From what I understand, the pins on the motherboard are tied to high with a pull up resister, and the circuits on the mobo check if the button is pressed by checking if it is high (not pressed) or low (pressed). I can handle the digital logic, no problem. What I need is a way to 'ground' those pins, controlled by the logic chips, so the motherboard thinks they are pressed. The current idea is to use transisters, but I need to know from someone more knowledgable if it will work, and if there is a better way. I don't think a tri-state buffer will do it, since it will output with high-impence (which won't affect the motherboard in any fashion), or a digital high or low (which I could also send it via the normal logic gates).

gamejunkie: dont fear, its pretty easy stuff. Ill post up a schematic once I get it completed. It may be a few months though

 

[TerryMathews]

So I should be using a tri-state buffer instead of a transister? Im not certain it would work. The descriptions of tri-state buffers I've read says there is three outputs; either a logical low, logical high, or 'high impedence' which is really nothing at all; the circuit won't even know its there. As far as I can tell, just connecting a logical low to the pin from the motherboard won't drive the voltage down so the motherboard thinks the button is pressed. If it were, I wouldn't need the buffer, I could connect my logic straight to it.

I hadn't used a tri-state in real life before, most of the stuff I do is only logic level and on the comp anyway.

Everything I said was right, except where I said tri-state relay substitute in relay. Digikey has a selection of IC-sized relays.

You've really got a couple of options as far as pulling the line level to ground, just look in the analog spectrum and you should be OK - digital stuff is where you run into trouble. I don't really know much about transistors, so you'll have to have someone else help you with them.


OR!!!!!

I just out-engineered myself. There's no need for IC logic here, everything can be done with wiring.

You want Roundhouse + Start to add a credit right? Connect start as normal to the jamma harness. But also connect NO from start to ground on Roundhouse. Connect roundhouse NO to coin add.

This is all presuming you don't need to use roundhouse for anything else.

 

[toodles]

The roundhouse + start for coin is only a small part of what I want to do. Part of the goal of this is to avoid any rewiring: I want to be able to remove the motherboard and interface and put in a CPS2 fighter on a whim. Wiring also won't allow me to do the button remapping I want to do (key combination to toggle from short=A, jab=B, strong=C,fierce=D, and jab=A, short=B, strong=C, forward=D)

Relays could definitely do it, but I want to avoid them if I can because of reliability and latency issues.

 

[J0e Musashi]

Wouldn't it just be far simpler to add an extra button and have a 7-button CP? (4 across the top for MVS) It'd work with both MVS and CPS with no fuss.
The cab must have a service buttons for credits no?
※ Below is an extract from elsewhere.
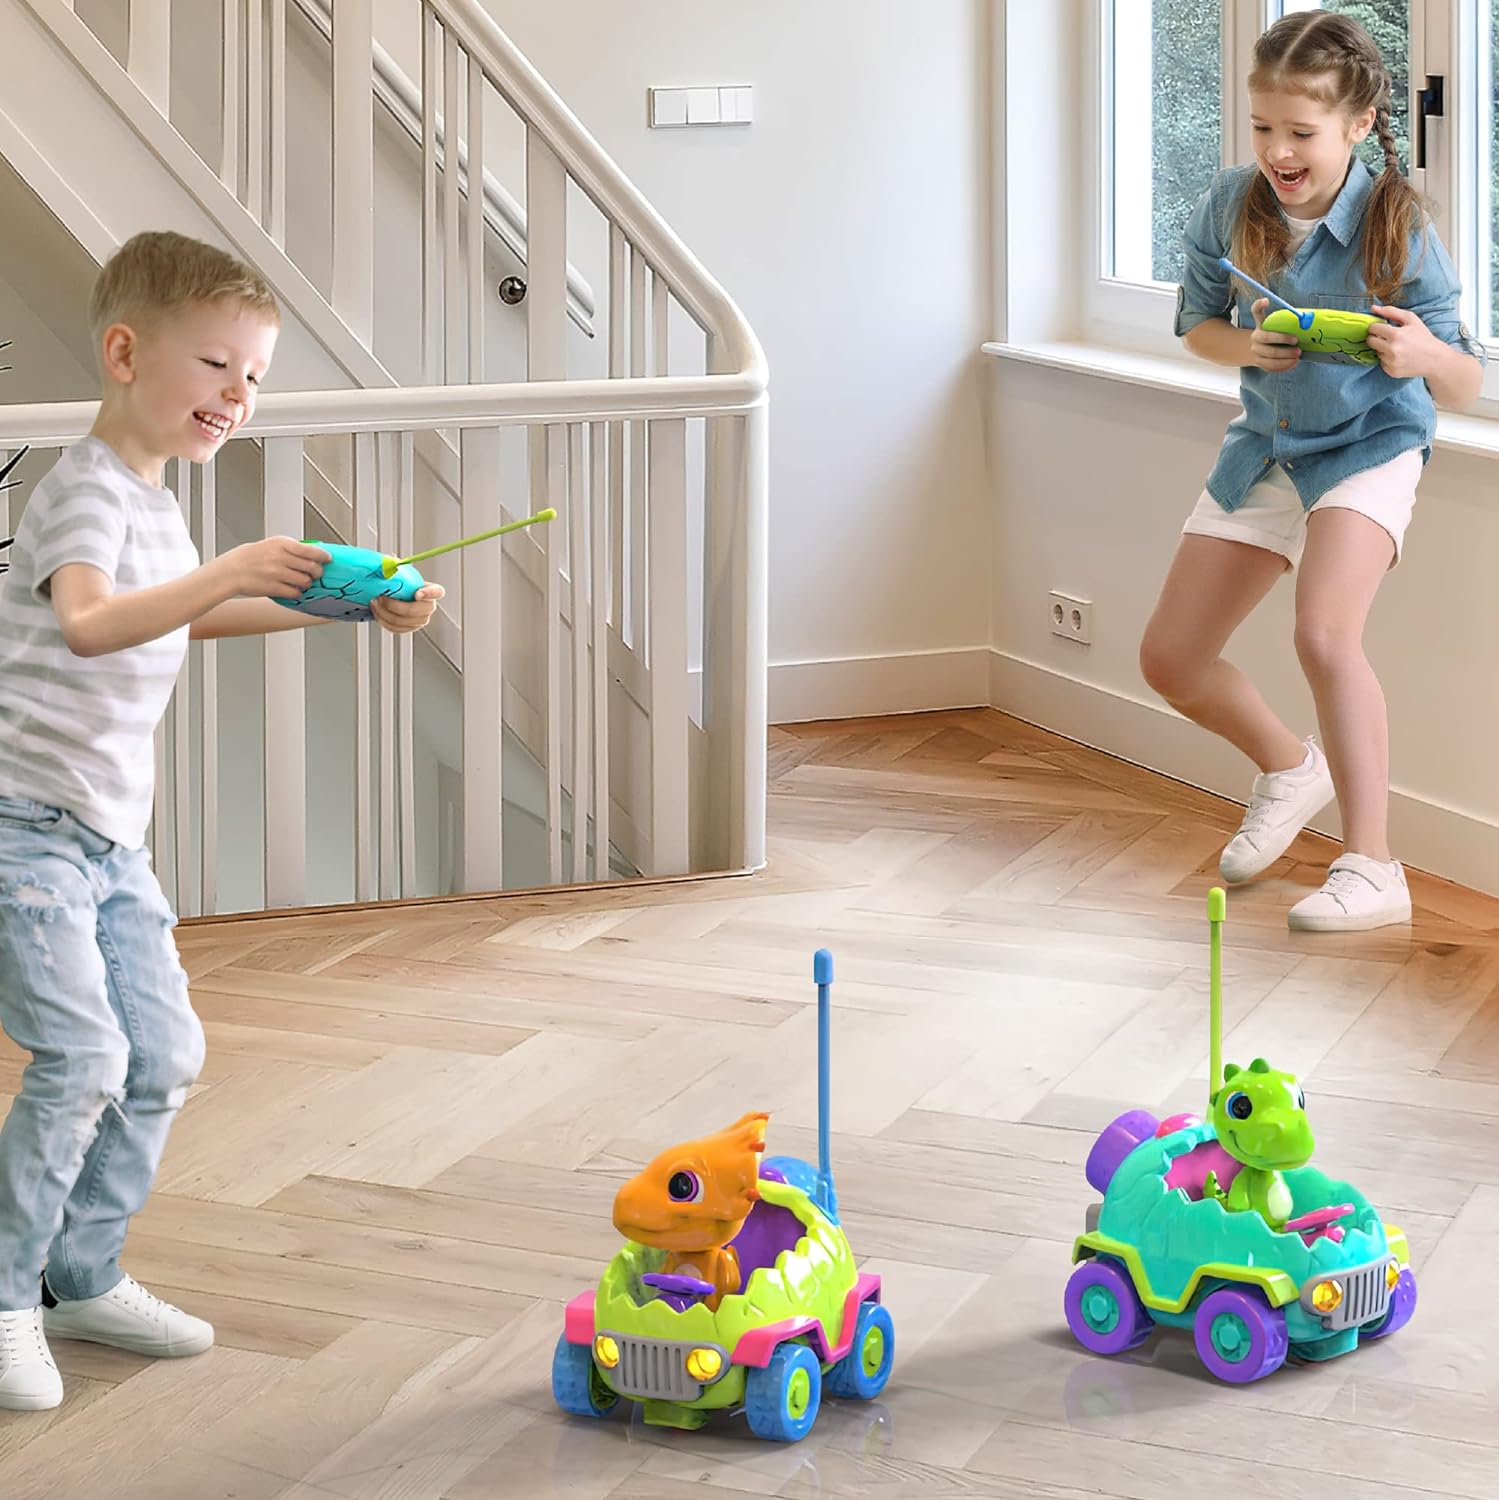 MindSprout Dino Chasers Set of 2 Remote Control Car for Toddler, Kids Toys Age 2 3 4 5, Boys  Girls Birthday Gift, Dinosaur Toy 2-4, LED Lights  Music

You could just as easily wire in some seperate coin in buttons.
It seems that your idea is too complicated for its own good.

 

[TerryMathews]

Relays could definitely do it, but I want to avoid them if I can because of reliability and latency issues.

I don't see how you're going to get around it. Since JAMMA is a negative logic system, you've got to form a path to ground to trip the signal. If it were positive logic, you could just take your digital logic output and increase the voltage until it was high enough to trip the Neo.

The only other thing I can think of besides relays, is maybe are the controller ports different than the JAMMA edge? I mean, are the Neo controller ports positive logic by chance? Probably not, huh?